Other Options Worth Knowing
**Fidelity Cash Management Account.** Like Schwab, Fidelity pairs a checking-style cash account with a brokerage and reimburses ATM fees, with no account minimums—useful for expats who already custody investments at Fidelity. Confirm current foreign-transaction and address policies directly, since they vary by residence country.
**HSBC Premier.** For households with larger balances who value an international branch network, HSBC operates in dozens of countries and offers linked multi-currency accounts and in-branch access abroad ([Greenback](https://www.greenbacktaxservices.com/blog/best-us-banks-for-expats/)). It typically requires substantial qualifying balances, so it suits high-balance expats rather than budget-conscious ones.
**Wise (formerly TransferWise).** Wise is a licensed money-services platform, **not a bank**, so balances aren't FDIC-insured the way a bank deposit is. But it fills a real gap: holding and converting dozens of currencies at the mid-market exchange rate with transparent per-transfer fees ([Greenback](https://www.greenbacktaxservices.com/blog/best-us-banks-for-expats/)). Many expats pair a US bank (Schwab or SDFCU) with Wise for currency conversion and cross-border transfers, rather than choosing one over the other. Note that non-US Wise balances can count toward your FBAR aggregate.

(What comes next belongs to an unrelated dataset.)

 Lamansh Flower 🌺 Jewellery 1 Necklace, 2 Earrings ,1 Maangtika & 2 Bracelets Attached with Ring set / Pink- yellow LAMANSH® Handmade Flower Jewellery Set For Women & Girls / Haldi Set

Fee and Feature Comparison
| Account | Monthly fee | Foreign transaction fee | ATM rebates abroad | Foreign address allowed | |---|---|---|---|---| | Schwab Bank Investor Checking | $0 | $0 | Unlimited worldwide | Via Schwab International; varies by country | | SDFCU checking | $0 | $0 (credit cards) | Network/partial | Yes—no US address required | | HSBC Premier | Waived at qualifying balance | Varies | Varies | Yes (global network) | | Wise (non-bank) | $0 base | Per-transfer, transparent | N/A (debit card fees apply) | Yes |
*Fees and policies as published by each provider as of June 2026; confirm current terms before opening.*
Practical Takeaways
- **Open your expat-friendly account before you leave the US, if you can.** Domestic applications are simpler than applying from abroad, and Schwab's standard checking is easier to open while you still have a US address.
- **Keep a US account that doesn't penalize foreign use.** Schwab and SDFCU both eliminate foreign-transaction fees; this is the single biggest recurring saving for most expats.

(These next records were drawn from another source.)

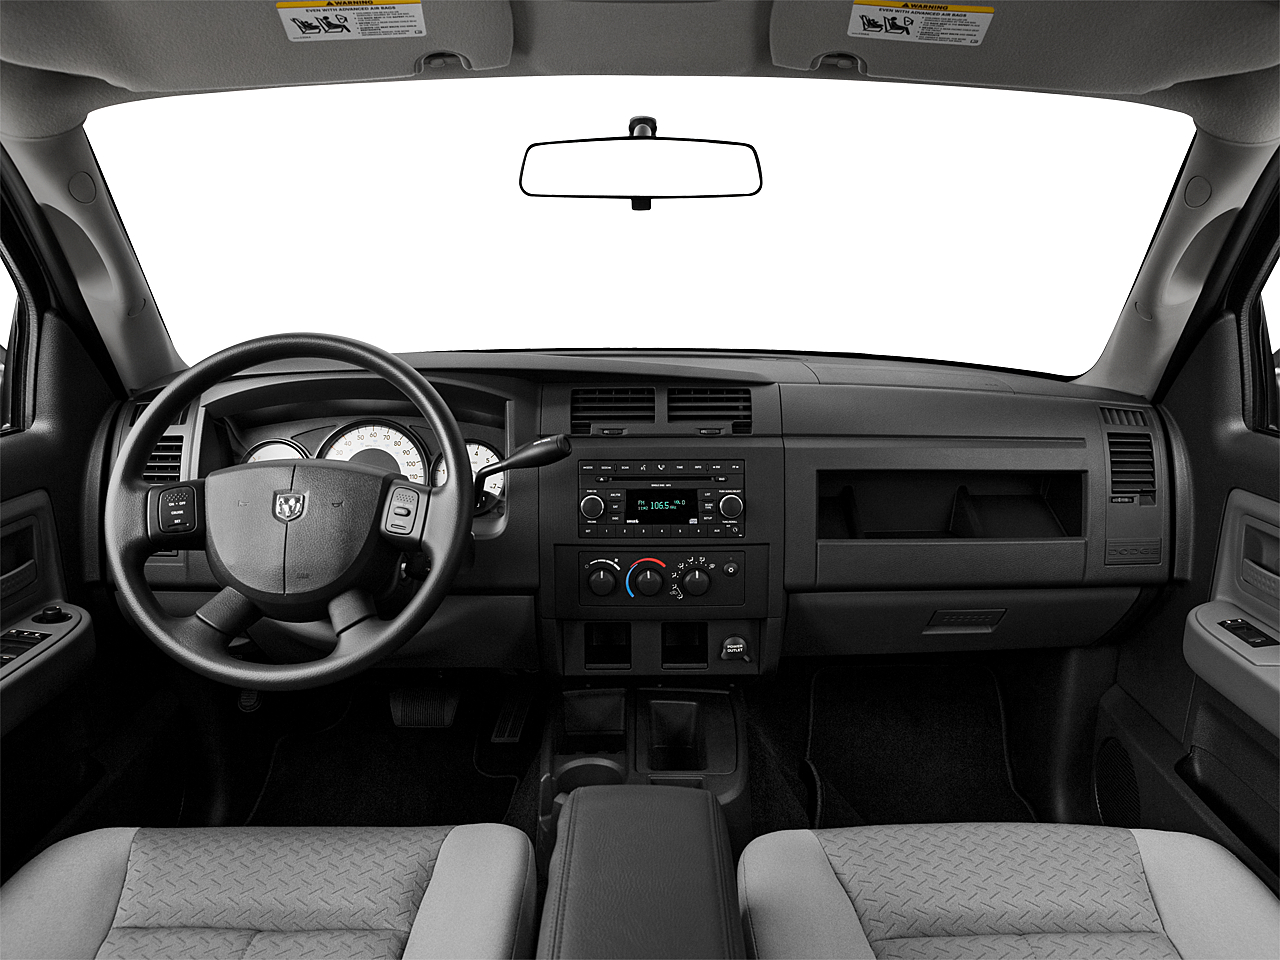 2008 Dodge Dakota BigHorn 4dr Extended Cab SB - Research - GrooveCar
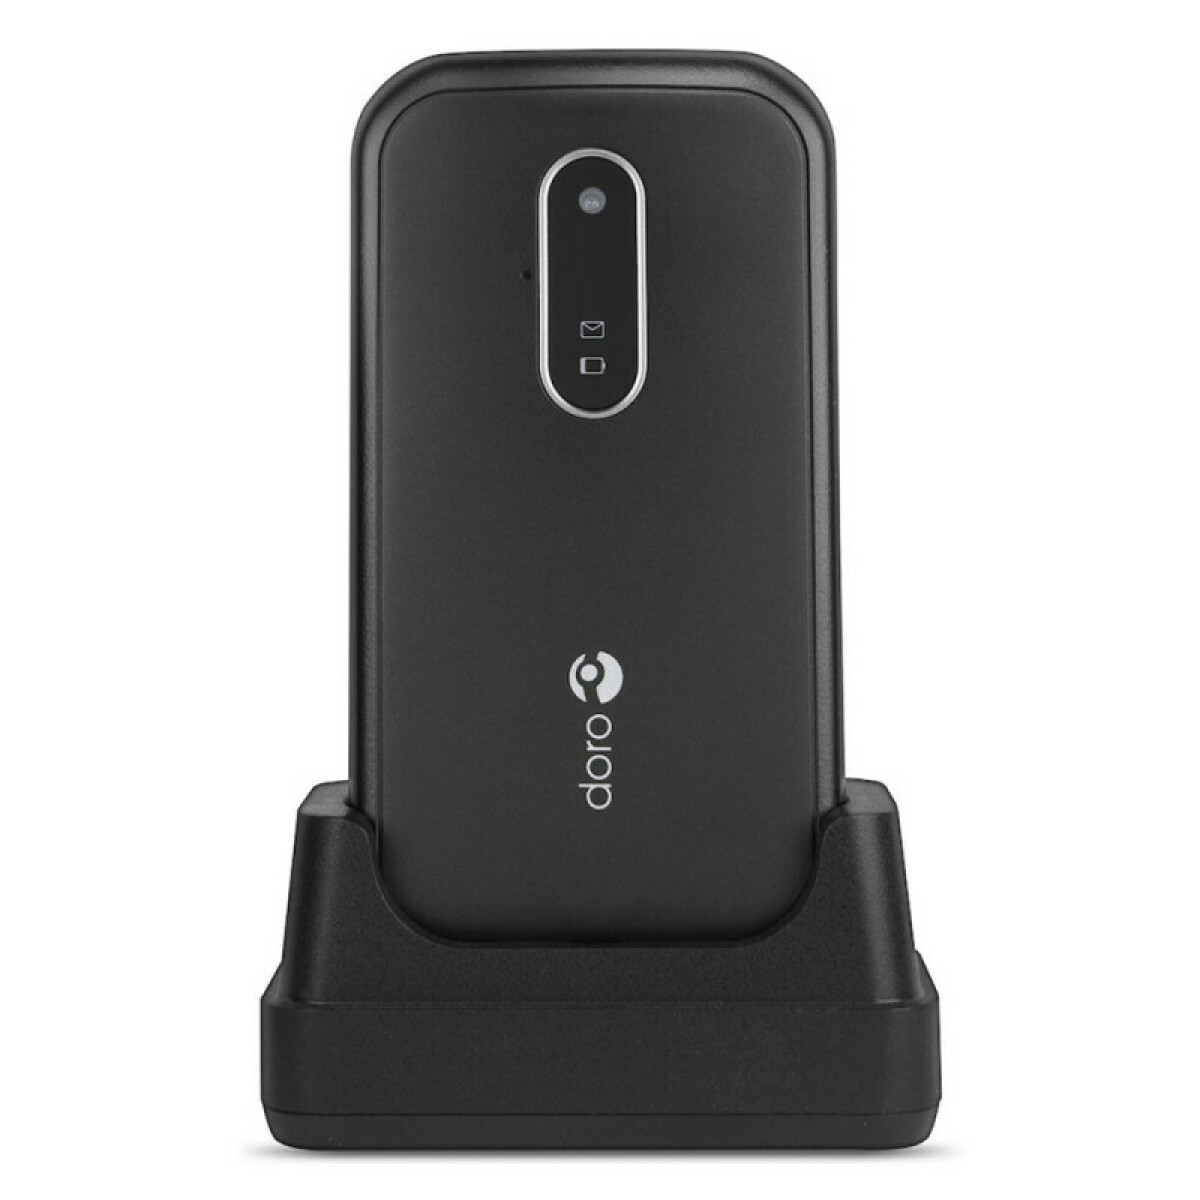 Smartphone Android Doro Doro 6620 Clapet - Noir / Blanc
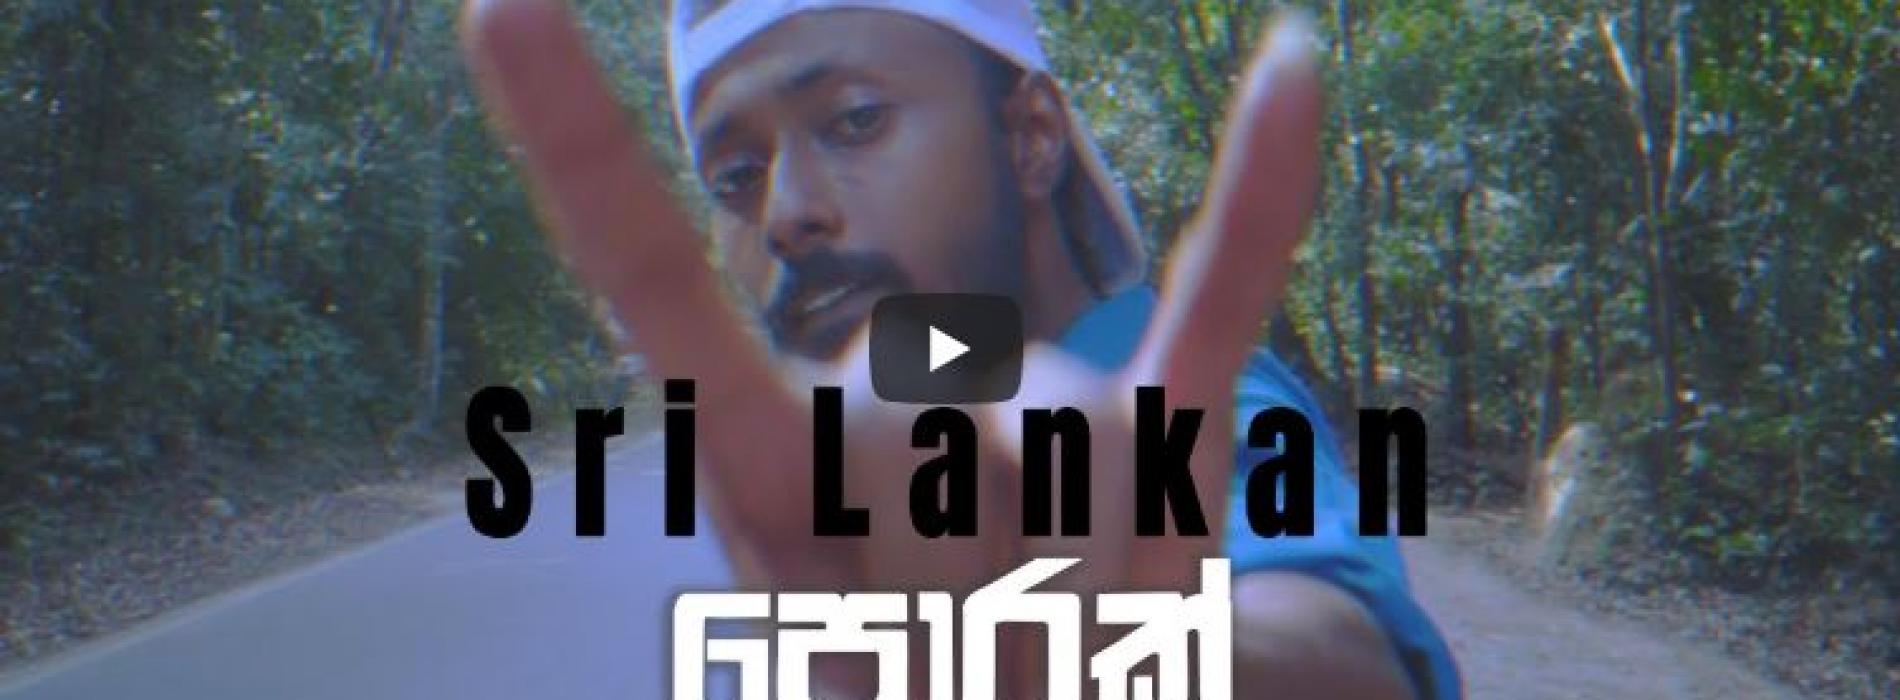 MasterD – Sri Lankan Porak(ශ්‍රී ලංකන් පොරක්) Official Music Video

- **Always decline dynamic currency conversion at ATMs and terminals.** Choose to be charged in local currency—DCC markups are not covered by ATM rebate programs.
- **Track your highest aggregate foreign balance all year.** If foreign accounts ever exceed $10,000 combined, you owe an FBAR by April 15 (auto-extended to October 15) ([FinCEN](https://www.fincen.gov/report-foreign-bank-and-financial-accounts)).

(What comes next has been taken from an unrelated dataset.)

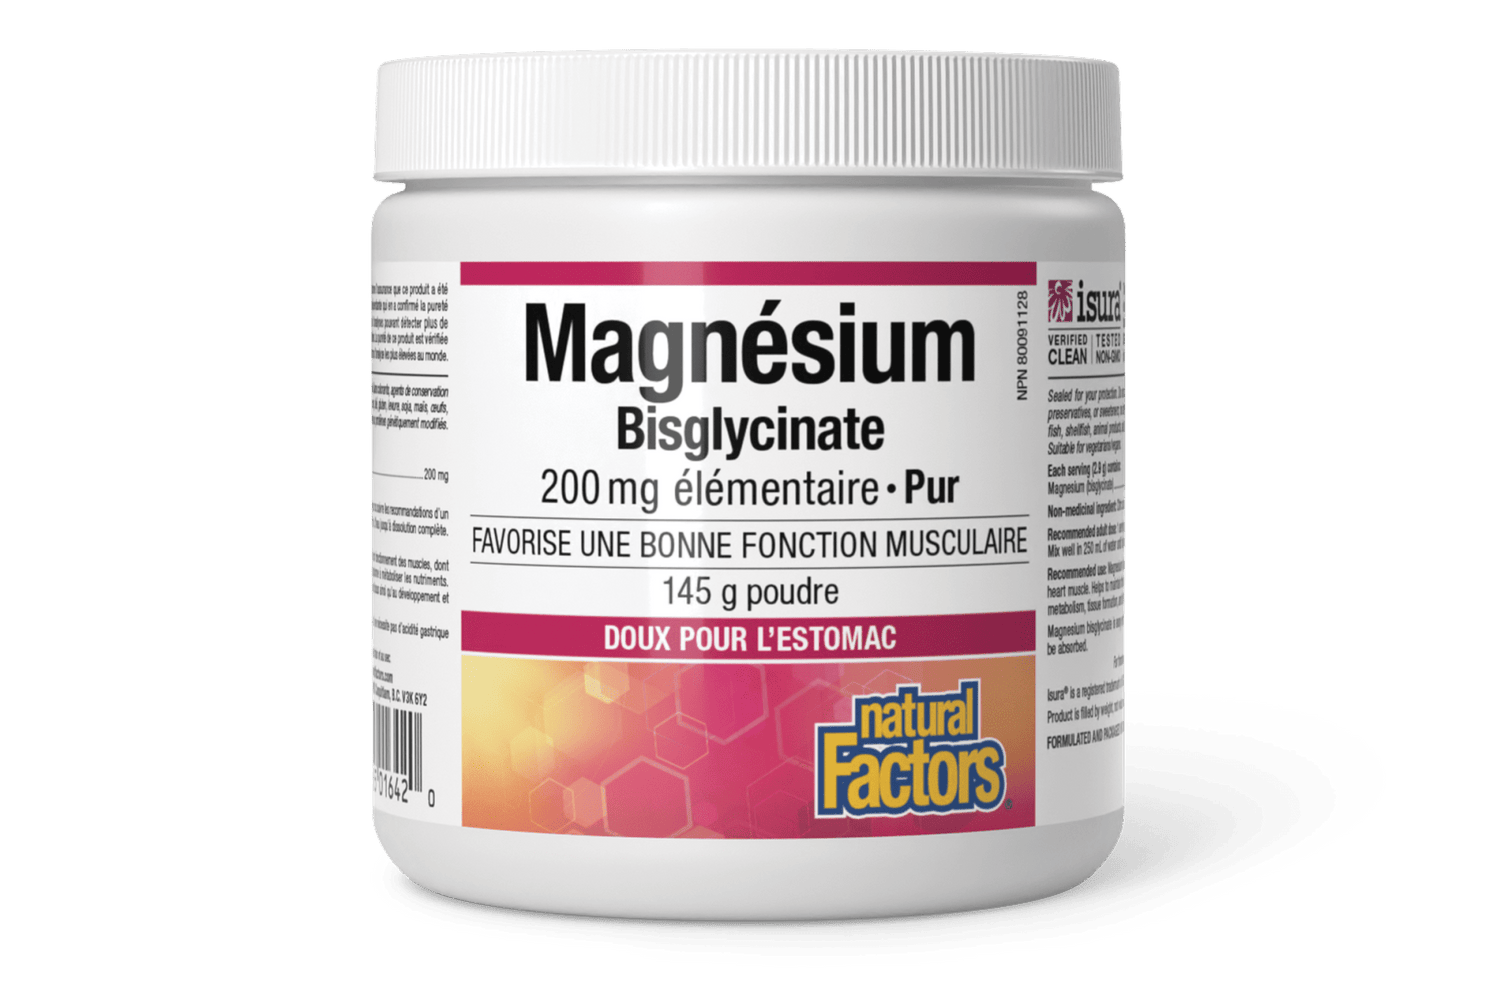 Bisglycinate de magnésium pur 200 mg, Natural Factors|v|image|1642
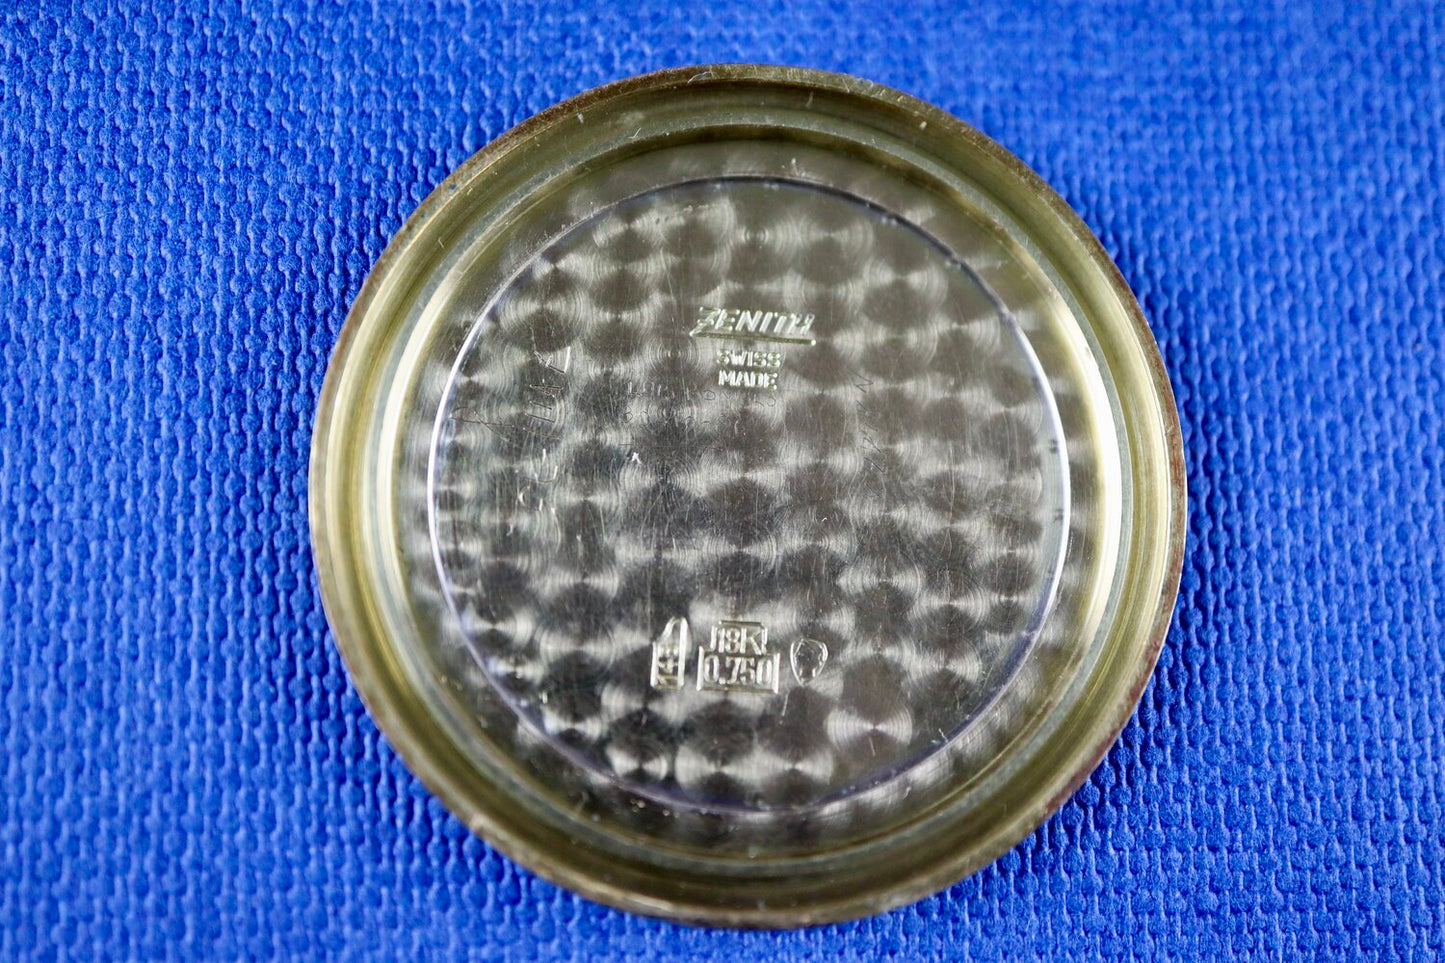 Zenith Caliber 135 Chronometer 1950s RARE

- **Check whether you also cross the Form 8938 thresholds** ($200,000/$300,000 single, $400,000/$600,000 joint for those living abroad) and remember it's a separate filing from the FBAR ([IRS](https://www.irs.gov/businesses/comparison-of-form-8938-and-fbar-requirements)).
- **Keep account records for five years** to satisfy FBAR record-keeping rules ([IRS](https://www.irs.gov/businesses/small-businesses-self-employed/report-of-foreign-bank-and-financial-accounts-fbar)).
- **Pair a US bank with Wise for currency work** rather than expecting one institution to do everything well.
Conclusion and Next Steps
For most American expats, the practical answer is a Schwab Bank Investor Checking account for everyday spending and ATM access, an SDFCU account as a stable US base that accepts your foreign address, and Wise for multi-currency transfers—with a local bank in your country of residence only for what local life requires (rent, utilities, salary).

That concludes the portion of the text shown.